OpenAI's own distillation cookbook demonstrates the pattern. In their example, GPT-4o generates labeled completions on real-world inputs. Those completions become supervised training data for GPT-4o-mini. The distilled model achieved 79.3% accuracy, compared to 64.7% for the non-distilled baseline: a 22% relative improvement, at a fraction of the per-call cost.⁷

The economics are clear. If your system handles millions of requests, every cent per API call compounds. A fine-tuned 7B model running on a single GPU can serve the same request for a hundredth of the cost. The upfront investment (creating training data, running the fine-tuning job) is fixed. The marginal cost of each subsequent inference approaches hardware cost only.

The prerequisite is data. You need enough labeled examples (typically hundreds to low thousands) and enough diversity in those examples to cover the distribution of real inputs. The prompt-to-train pipeline generates this data, but the quality of the teacher's output serves as an upper limit for the student's performance. Maximize the teacher's quality before distilling.⁹

This strategy is explored in depth in Week 6 (LoRA and the Efficiency Revolution, From Raw Data to Fine-Tuned Model). For now, the point is that it exists as an option, and the decision to use it hinges on volume and cost.

Strategy 5: Embed-to-Classify

Many tasks that look like generation problems are actually classification or retrieval problems in disguise. "Read this ticket and tell me the category" sounds like it needs language understanding. It does. But it does not need a generative model to produce the answer.

An embedding model converts text into a vector. A classifier trained on those vectors maps the vector to a label. This is faster, cheaper, and often more accurate than asking an LLM to generate the label as text.

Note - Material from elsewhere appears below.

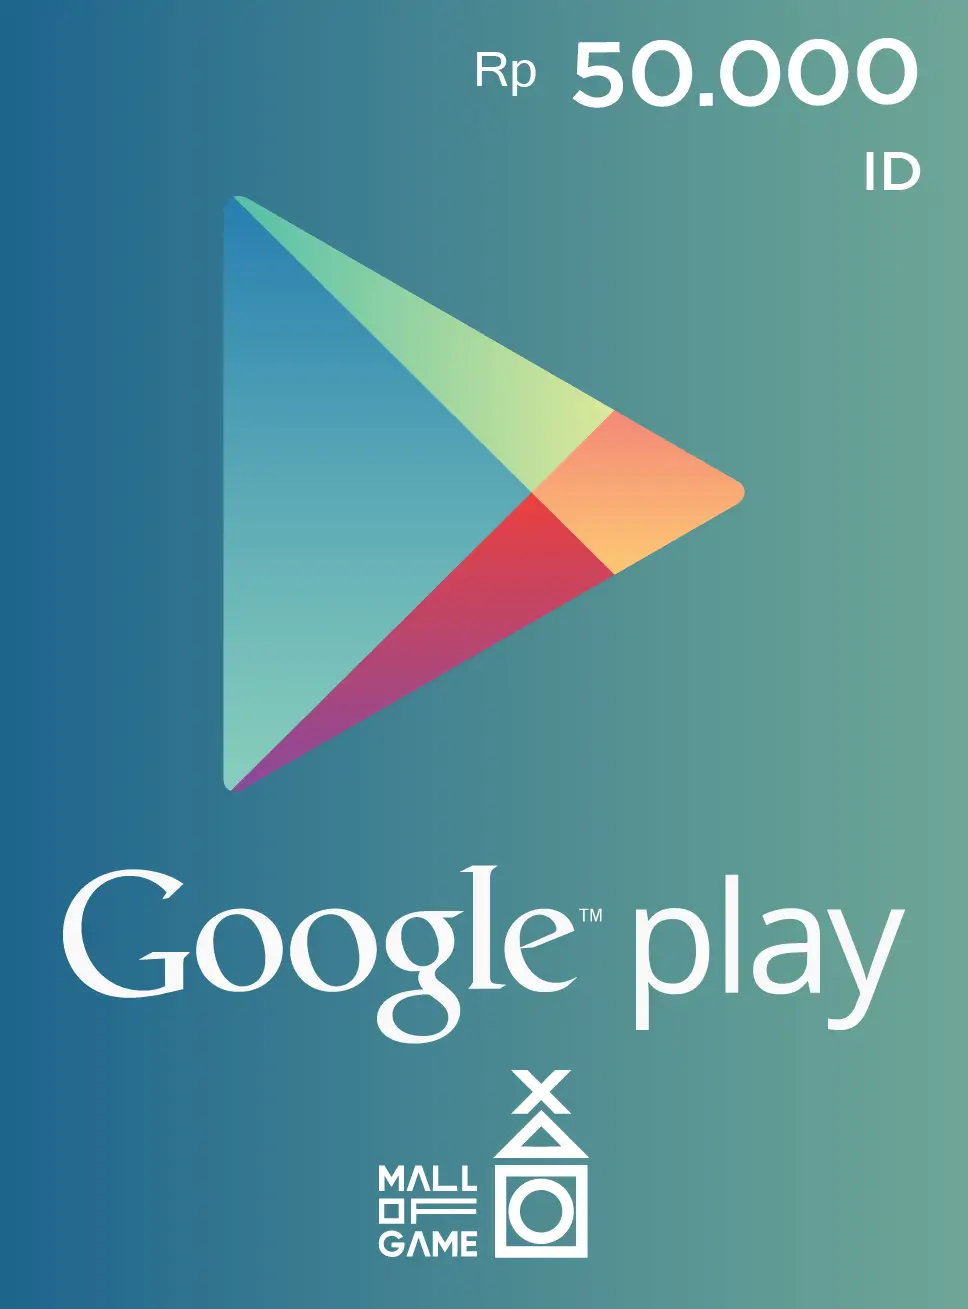 Google Play IDR50,000 Gift Card (ID)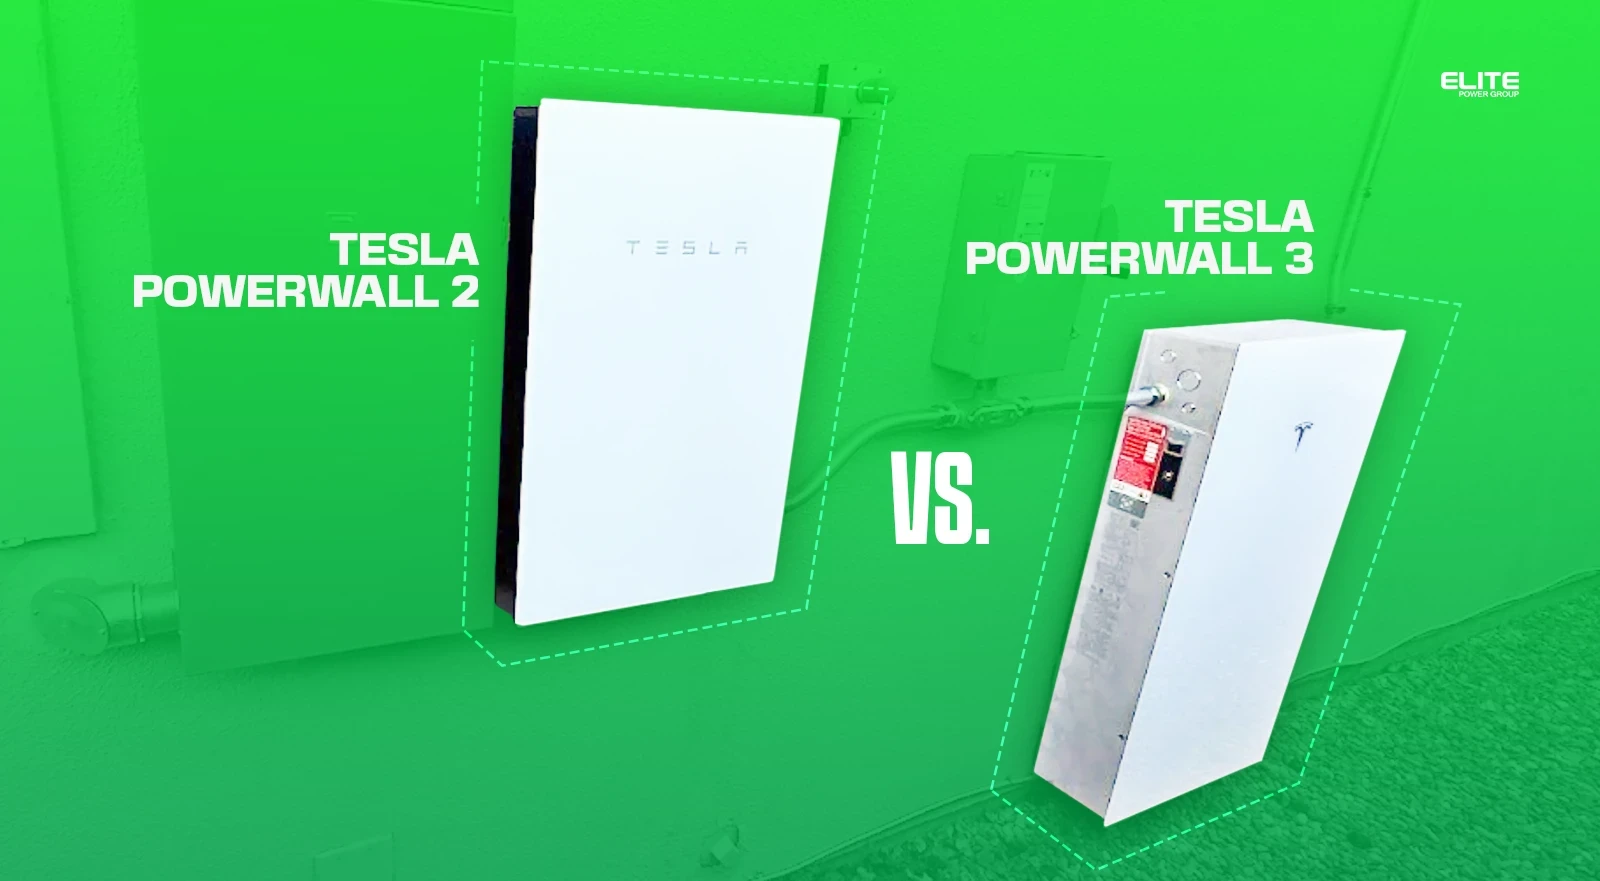 Tesla Powerwall 2 vs. Powerwall 3 comparison specifications

The numbers are striking. A recent benchmark compared embedding-based classification to LLM prompting (OpenAI) across multiple datasets. Embeddings achieved 44.1% accuracy; prompting achieved 29.5%. Embeddings were 14x faster for image classification and 81x faster for text. At 63 million annual requests, the cost difference was $9,179 (GPU embeddings) versus $92,325 (OpenAI API): ten times cheaper for the approach that was also more accurate.⁶

For classification tasks, embeddings are more accurate, faster, and cheaper at scale.

The embed-to-classify approach is explored in Weeks 4-5, where embedding models, vector stores, and retrieval pipelines are covered in depth. The point here is recognition: when you catch yourself writing a prompt that ends in "classify this as one of the following categories," stop and ask whether an embedding model would do the job better.

. . .

The Task-Property Matrix

The five strategies map to five task properties. Not every property matters for every task, but together they form a decision surface that points toward the right strategy.

Property	Write Code	Prompt LLM	Hybrid	Distill	Embed
Determinism required	Yes	No	Partially	No	Mostly
Input space	Enumerable	Open-ended	Structured + open	Open-ended	Open-ended
Latency budget	< 10ms	1-10s acceptable	100ms-2s	50-500ms	10-50ms
Error cost	High (must be correct)	Low-medium	Medium	Medium	Medium
Volume	Any	Low-medium	Medium-high	High (millions)	High
Data available	N/A	No (zero-shot)	Some examples	Hundreds-thousands	Labeled set
Time to production	Hours-days	Hours	Days-weeks	Weeks-months	Days
Marginal cost/call	~$0	$0.001-0.10	$0.001-0.10	$0.0001	$0.0001

Task-property matrix mapping task characteristics to the five strategies.

Read the table by columns, not rows. For any given task, check which column best matches your constraints. If your task requires determinism and sub-10ms latency, the answer is code, regardless of how good the latest model is. If your task requires open-ended language understanding at low volume and you have no training data, the answer is prompting.

. . .

Worked Examples

Abstract frameworks are useful. Concrete examples are better. Six tasks, each mapped to a strategy using the properties above. Flip through them.

Strategy: Write Code

Count the words in a paragraph

The specification is exact. The input space is text strings. The correct answer is a single integer. len(text.split()) is 100% accurate, runs in microseconds, and costs nothing. There is no reason to involve a neural network.

Strategy: Prompt an LLM

Classify the faction of a Star Wars character from a user-submitted description

The input is free-text, the description could be worded any way, and the classification requires world knowledge ("a short green creature with a lightsaber" maps to "Jedi" via knowledge the model already has). Volume is low (a classroom demo). Occasional misclassification is not catastrophic.

Strategy: Hybrid

Extract structured metadata from academic paper abstracts

The pipeline reads a PDF, extracts the abstract (code), sends it to an LLM with a structured output prompt (prompt), validates the JSON schema (code), writes to a database (code). The LLM handles the one step that requires language understanding. Everything else is deterministic.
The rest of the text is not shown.